To do:
Beneath this line sits some data. Return only its lines from the one holding "дизайнер женские 2" through the one holding "スケール アヴィエーション 2017年5月号雑誌(大日本絵画Scale", inclusive, exactly, with the images removed.

Records for the exercise:
┄┄┄┄┄┄┄┄┄┄┄┄┄┄┄┄┄┄┄┄
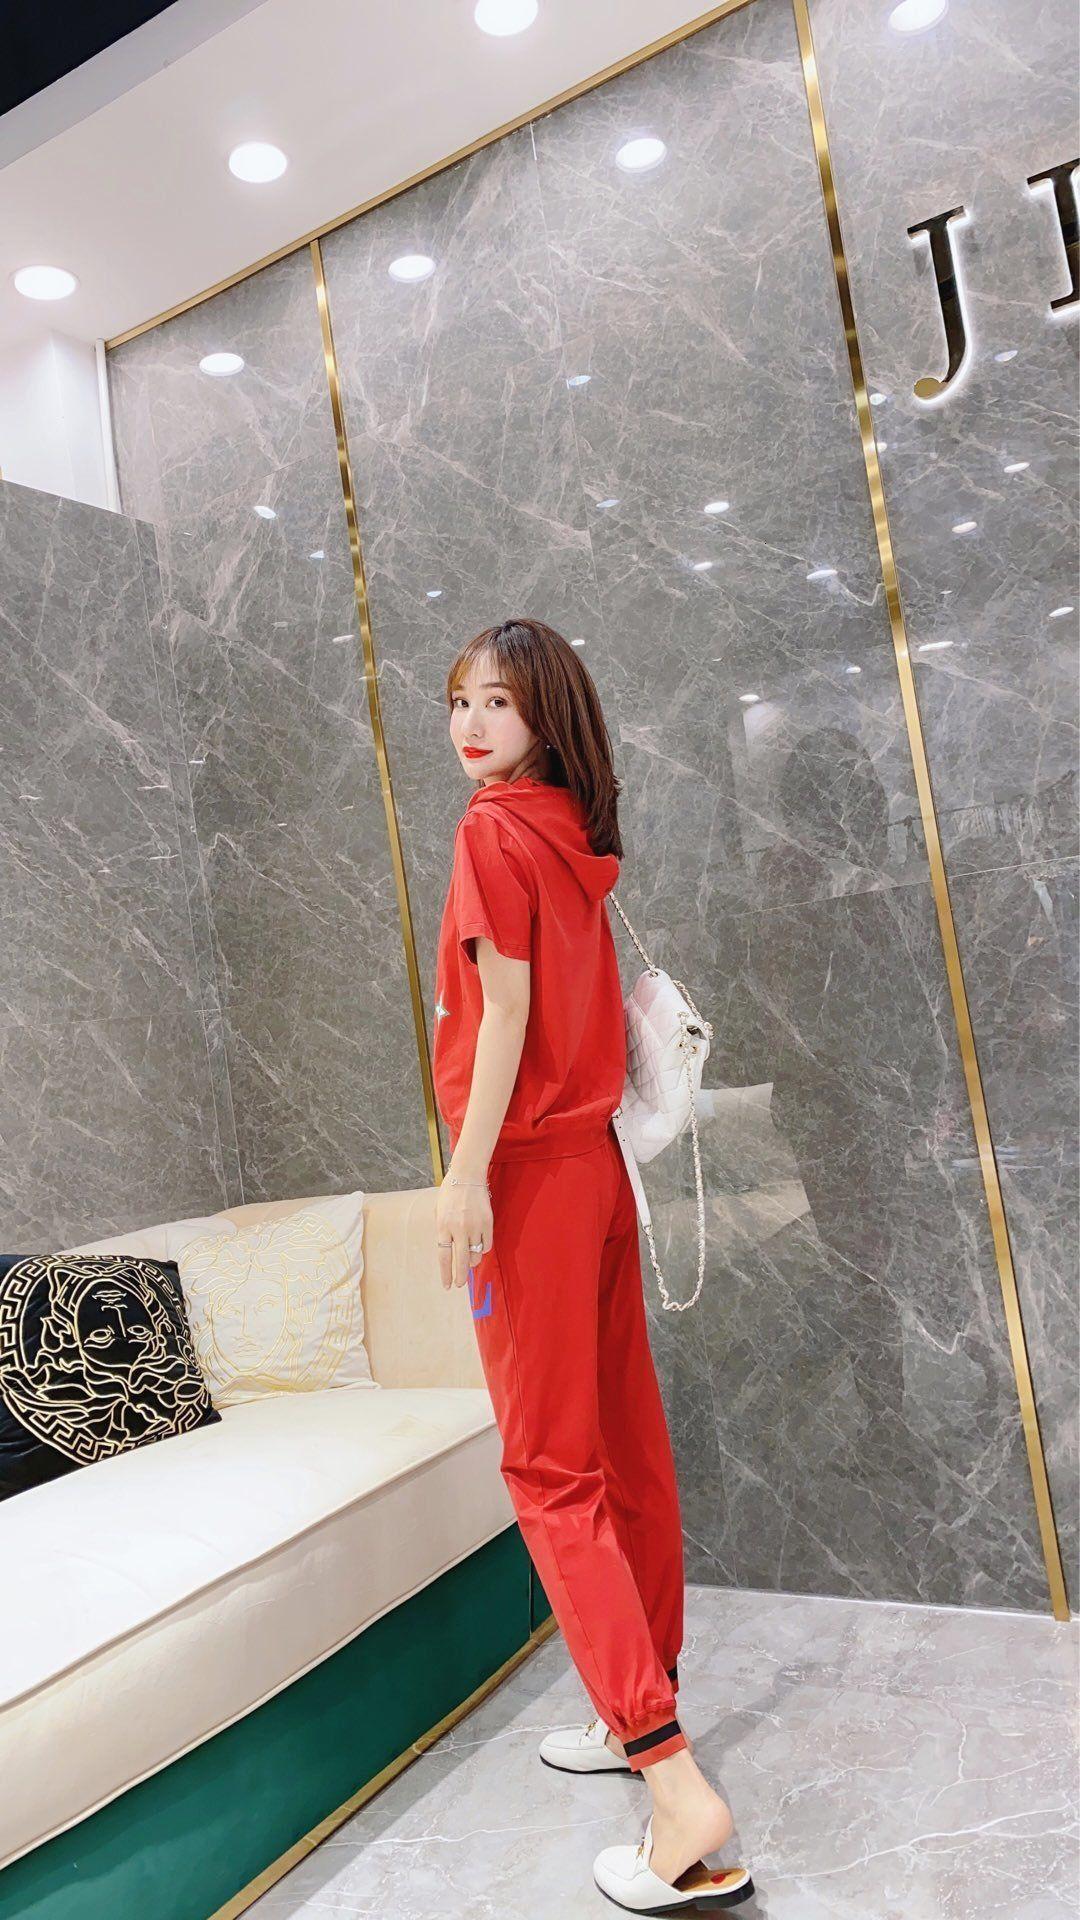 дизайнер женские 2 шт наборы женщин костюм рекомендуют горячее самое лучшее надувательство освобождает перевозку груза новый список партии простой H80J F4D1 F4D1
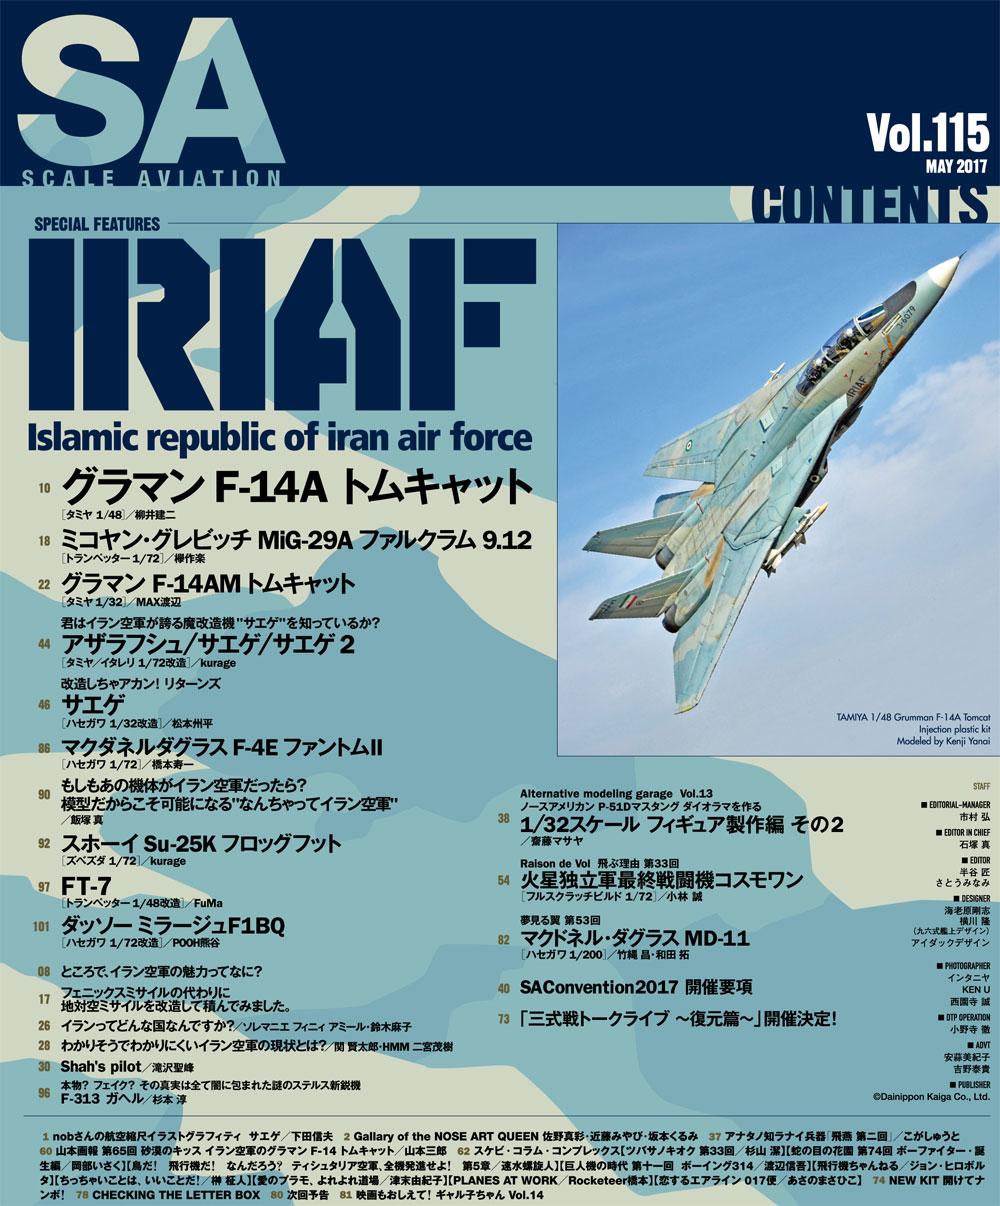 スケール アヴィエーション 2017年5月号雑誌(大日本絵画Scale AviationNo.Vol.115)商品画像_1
┄┄┄┄┄┄┄┄┄┄┄┄┄┄┄┄┄┄┄┄
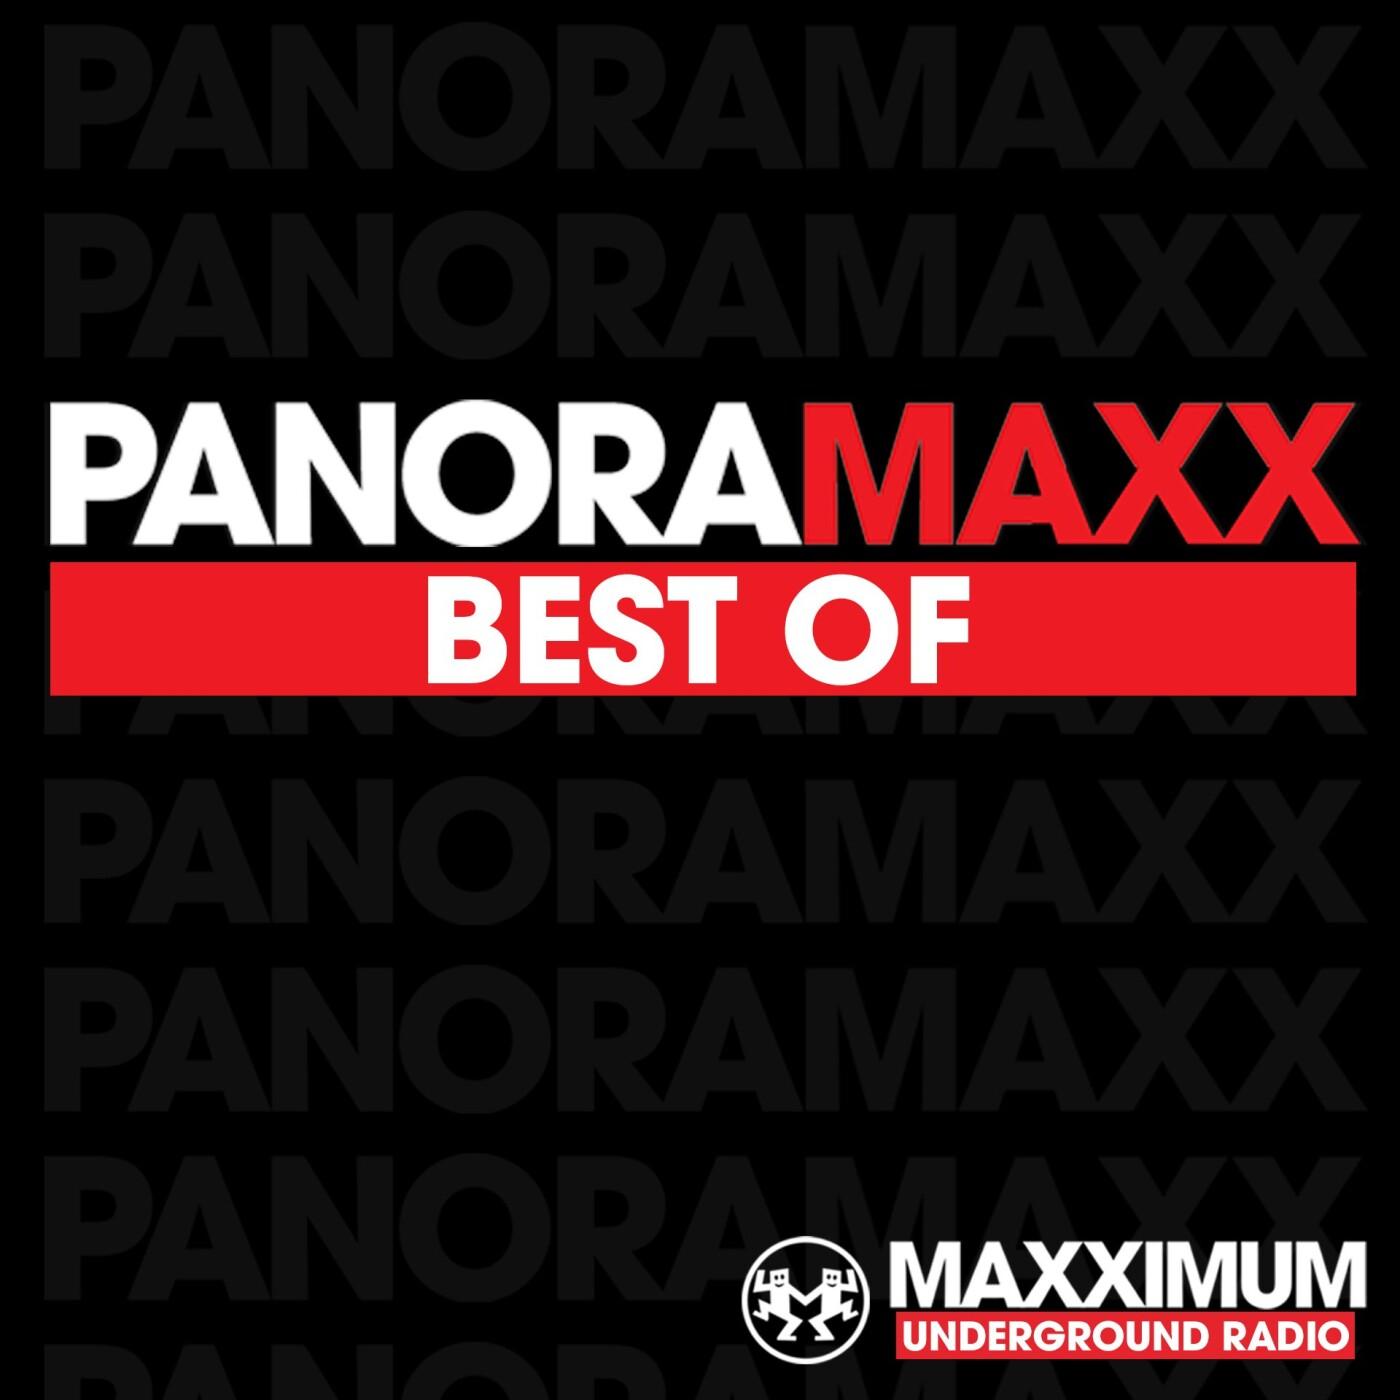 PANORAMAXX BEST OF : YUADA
┄┄┄┄┄┄┄┄┄┄┄┄┄┄┄┄┄┄┄┄
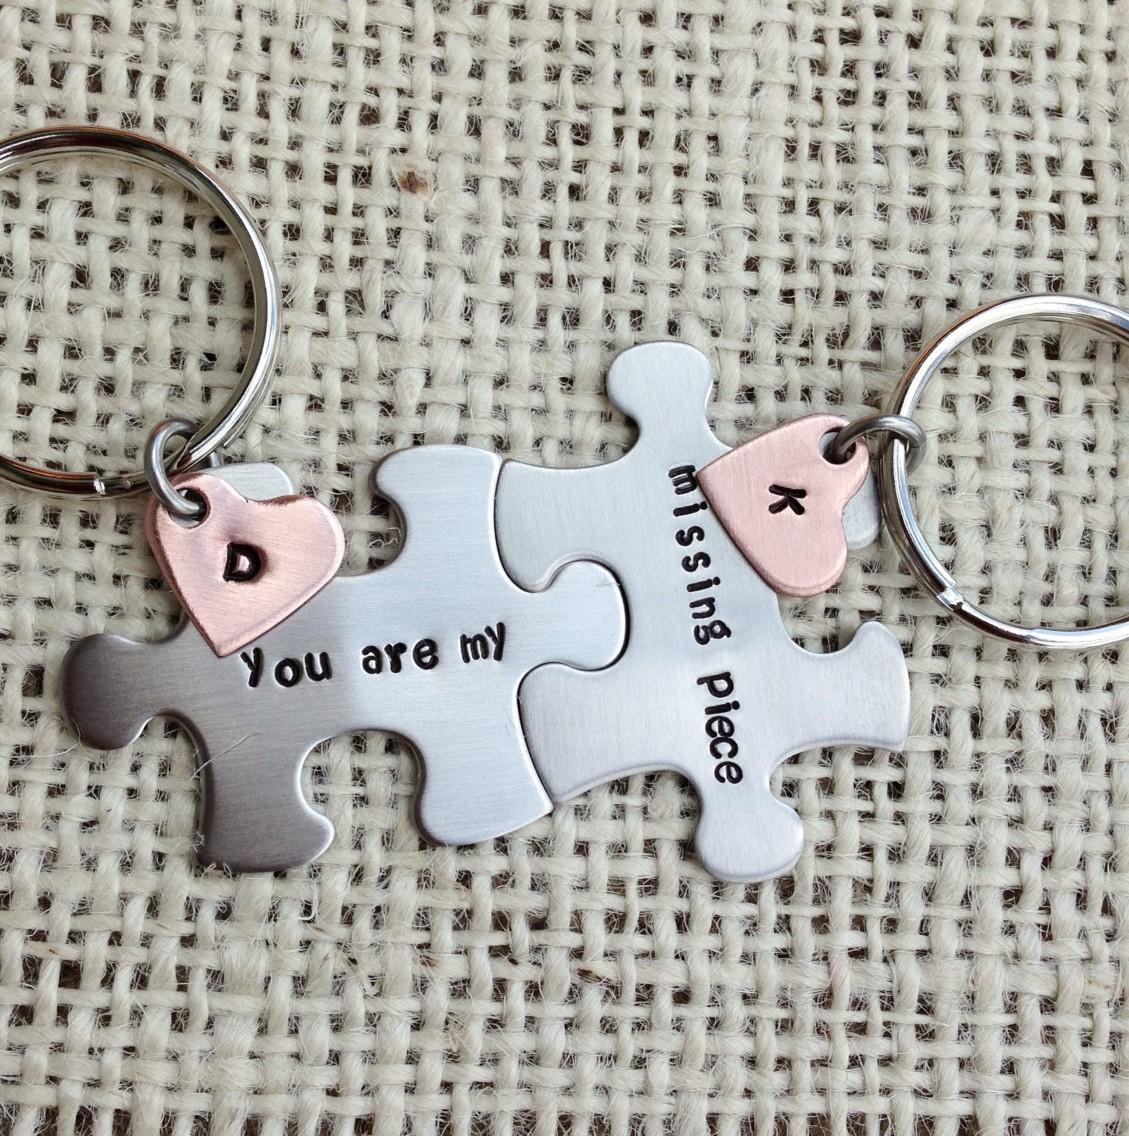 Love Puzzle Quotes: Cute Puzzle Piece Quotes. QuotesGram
┄┄┄┄┄┄┄┄┄┄┄┄┄┄┄┄┄┄┄┄
Task response:
 дизайнер женские 2 шт наборы женщин костюм рекомендуют горячее самое лучшее надувательство освобождает перевозку груза новый список партии простой H80J F4D1 F4D1
 スケール アヴィエーション 2017年5月号雑誌(大日本絵画Scale AviationNo.Vol.115)商品画像_1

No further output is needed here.